You can avoid a lot of trouble by avoiding sentence structures where the subject is "Jewish people" and the verb is "should (x)".



> Hamas was an aspiring near-peer military force

This is beyond ridiculous. Israel is a nuclear-armed regional power with tanks, a modern navy, a state of the art air force, the best missile defence system in the world, and one of the best counterintelligence operations. It can project force thousands of kilometres away into Iran. Hamas is none of that.

Even on sheer manpower, sources from 2023 put Hamas at 3 to 30 times smaller than the IDF, depending on who you trust and how you count reservists. [0]

If Hamas had been a near peer to the IDF, the October 7th attackers wouldn't have been shootings and stabbings within 5 miles of the Gaza border, they would have been successful missile attacks on Tel Aviv or tanks rolling down the streets of West Jerusalem. Or do you think Hamas just wanted to start a limited war with border skirmishes and kept its real military might in reserve?

Perhaps "small arms" or "light weapons" would be more precise than "handguns", but Hamas's capabilities have always been closer to the latter than to Israel's.

[0] https://www.france24.com/en/live-news/20231016-the-israel-ha...


> they would have been successful missile attacks on Tel Aviv

--- start quote ---

In January 2008 the border between Gaza and Egypt was breached by Hamas. It allowed them to bring in Russian and Iranian-made rockets with a larger range. In the first half of 2008, the number of attacks rose sharply, consistently totaling several hundred per month.
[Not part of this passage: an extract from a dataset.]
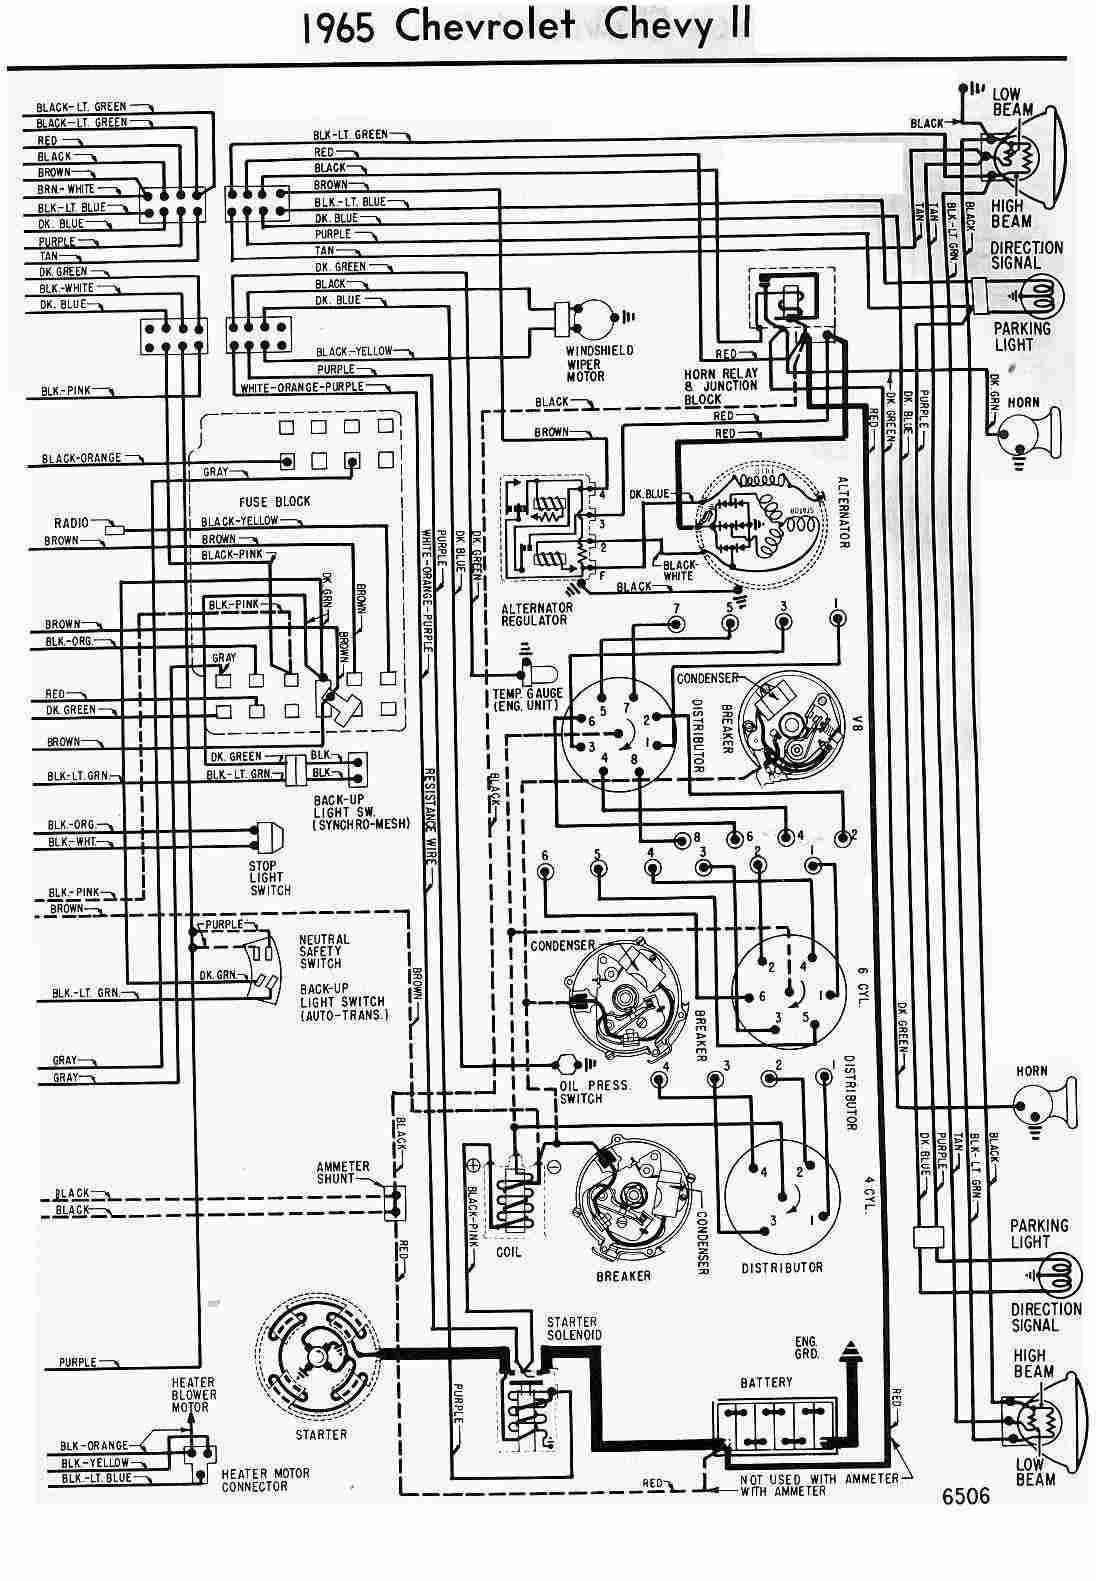 61 impala wiring diagram wiring diagram write61 impala wiring harness schema wiring diagram impala lights 1961 impala wiring harness wiring diagrams 85

In addition, Ashkelon was hit many times during this period by Grad rockets.

...

In 2012, Jerusalem and Israel's commercial center Tel Aviv were targeted with locally made "M-75" and Iranian Fajr-5 rockets, respectively, and in July 2014, the northern city of Haifa was targeted for the first time

--- end quote ---

> Perhaps "small arms" or "light weapons" would be more precise than "handguns"

Where "light weapons" are literally thousands of rocket launches against various targets in Israel.

Iron Dome exists due to "small lightly equipped militia" in Palestine.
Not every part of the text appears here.